Canada's Criminal Code says a finding of not criminally responsible is necessary when someone accused of a crime was "suffering from a mental disorder that rendered the person incapable of appreciating the nature and quality of the act … or of knowing that it was wrong."
Last September, the man was transferred to a small group home operated by Health P.E.I., just outside of Charlottetown.
In December, staff of the group home took the man's phone away for a month after they discovered he'd been communicating with someone described in court as a "vulnerable" woman, in violation of conditions placed on him by the courts.
The woman, feeling threatened, eventually blocked him.

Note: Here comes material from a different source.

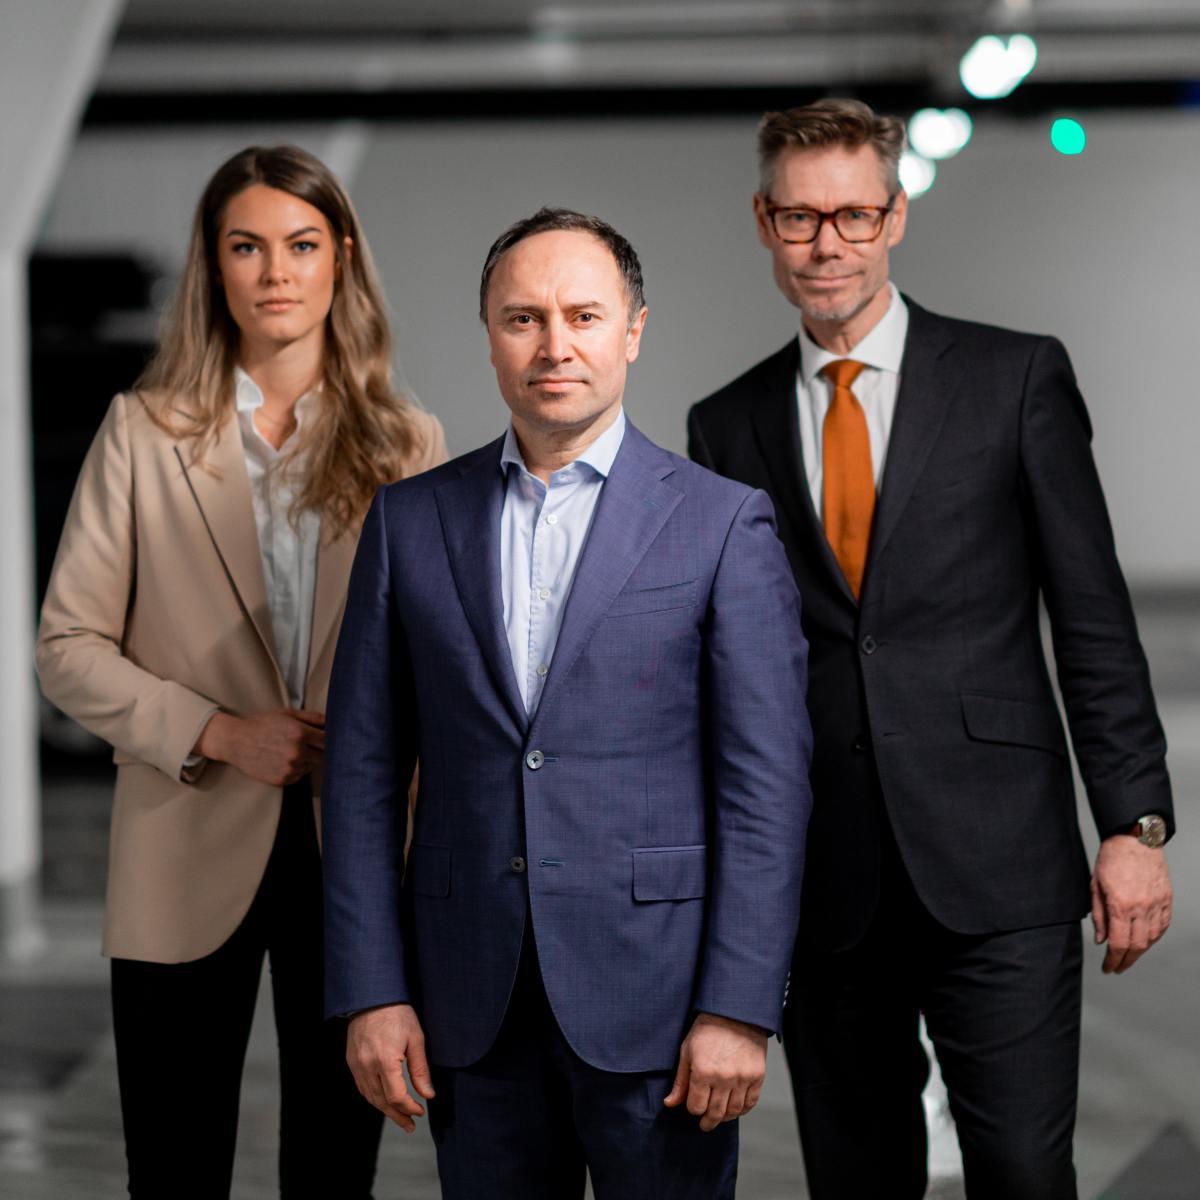 Board of Directors, Photo by Roland Samuel on Unsplash

"[He] puts out a wide net on the internet in terms of sexual interactions and staff are concerned about that," one of the man's case workers testified. "We — and he — don't know who he's in contact with."
After the man got his phone back, trouble continued. Within weeks, he was in contact with a woman he later told group home staff he "met in high school," who offered to send him nude photos in return for money.
Staff discovered the photos, confiscated the cellphone again, and confronted the man. They testified he lied to them about what he'd been up to, and tried to hide his online activity.
The man's phone privileges remain cut off, following two more incidents involving the woman offering to sell him nude photos.
"The lying and deceitfulness worries me from a risk perspective," testified another case worker.
The man's lawyer argued his client needs a phone to successfully move back into the community some day. Milne argued that the man is currently engaged to be married, and "deserves some expectation of privacy" in texts and other online communications.